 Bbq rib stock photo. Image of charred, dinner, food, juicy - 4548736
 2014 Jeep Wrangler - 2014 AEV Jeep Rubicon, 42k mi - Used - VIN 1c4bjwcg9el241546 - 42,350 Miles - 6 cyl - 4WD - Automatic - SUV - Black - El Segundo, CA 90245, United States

==

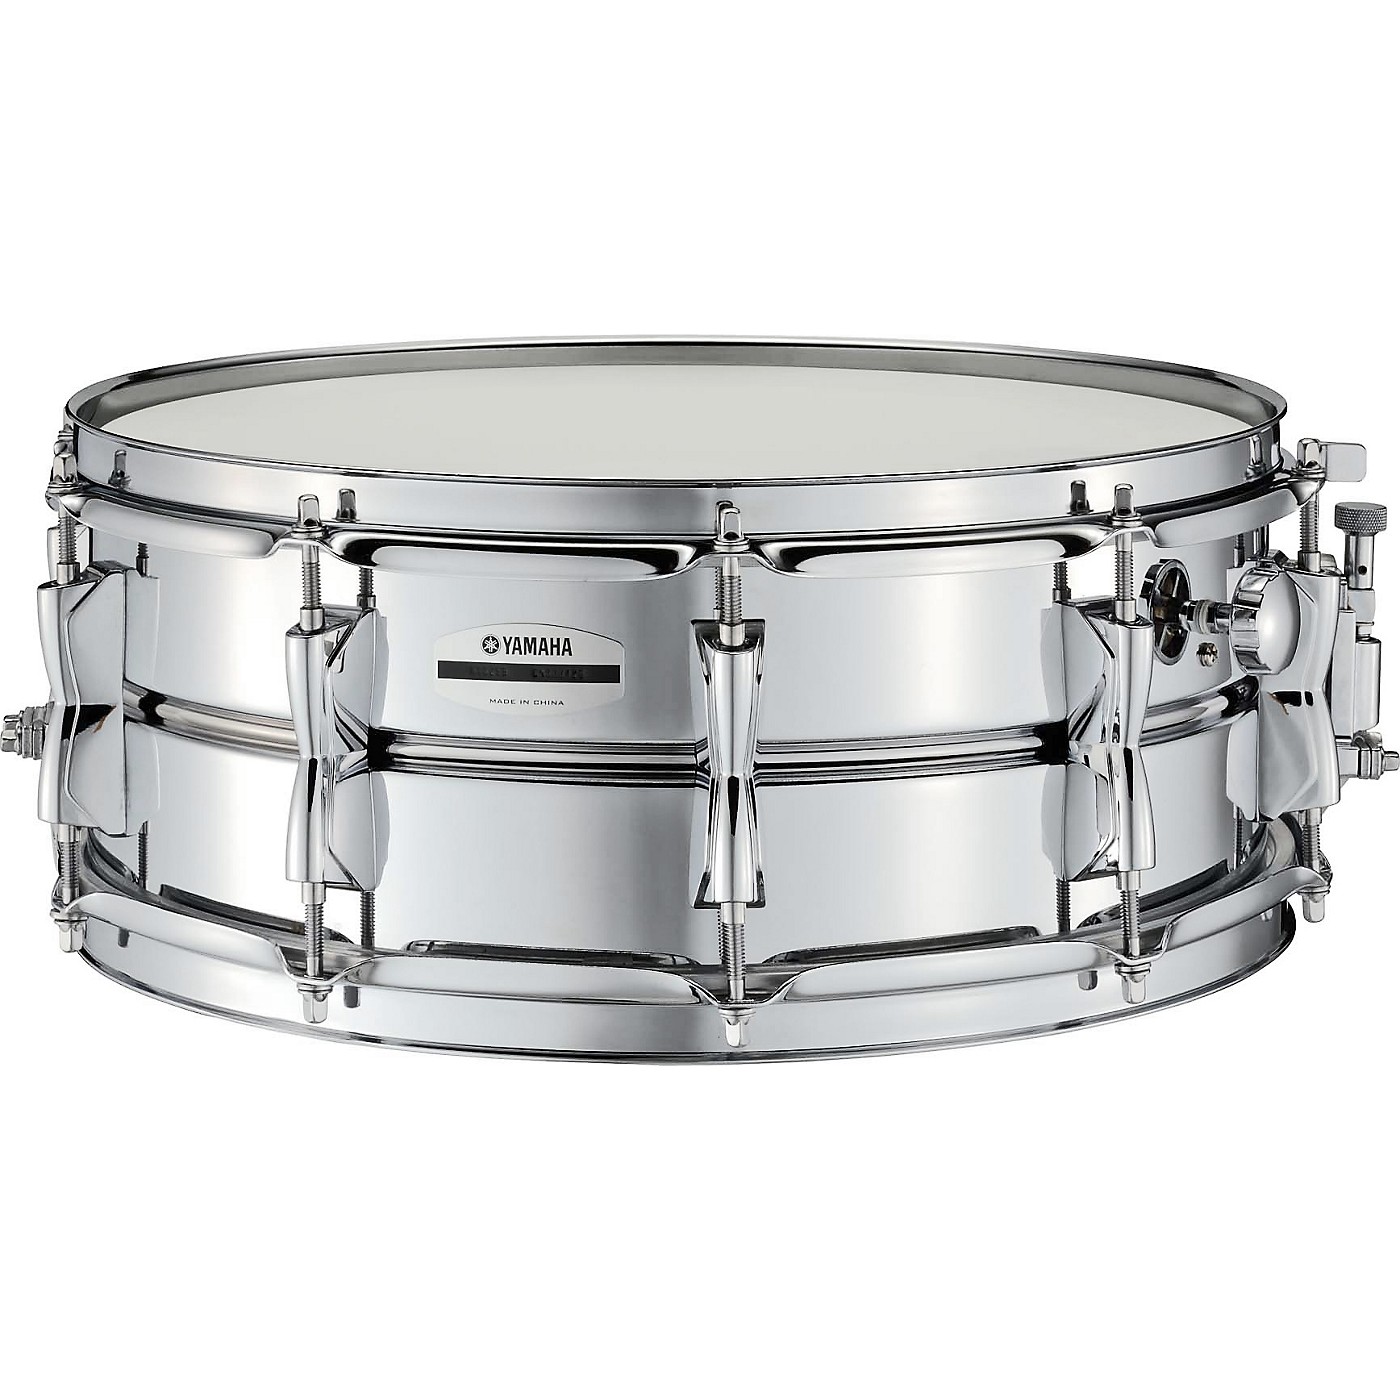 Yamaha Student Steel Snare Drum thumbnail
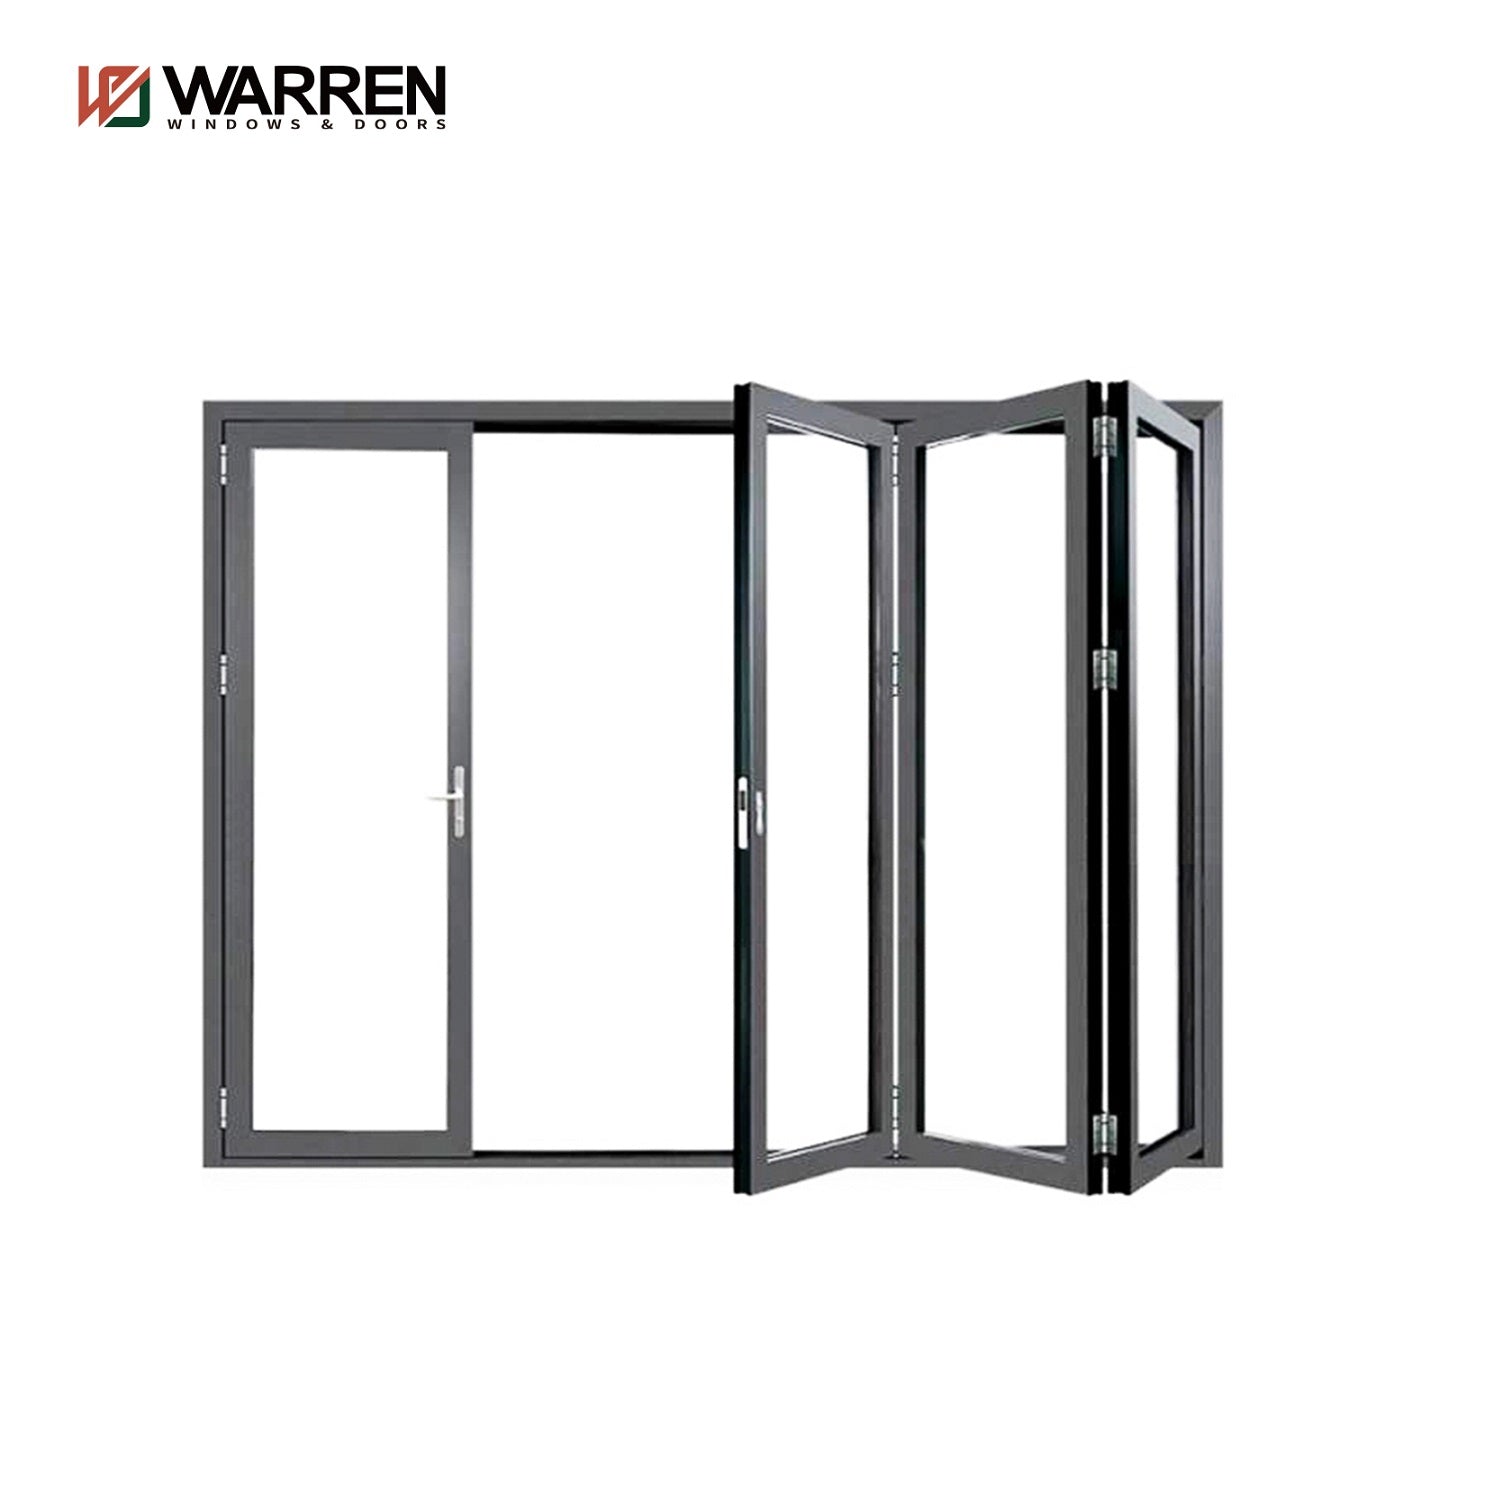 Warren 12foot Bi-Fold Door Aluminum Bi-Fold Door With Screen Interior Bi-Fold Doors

● **Assignment**:
Retype exactly the lines of the data above that fall between the line with "juicy - 4548736" and the line with "2014 Jeep Wrangler", inclusive, and add nothing.

● **Answer space**:
 Bbq rib stock photo. Image of charred, dinner, food, juicy - 4548736
 2014 Jeep Wrangler - 2014 AEV Jeep Rubicon, 42k mi - Used - VIN 1c4bjwcg9el241546 - 42,350 Miles - 6 cyl - 4WD - Automatic - SUV - Black - El Segundo, CA 90245, United States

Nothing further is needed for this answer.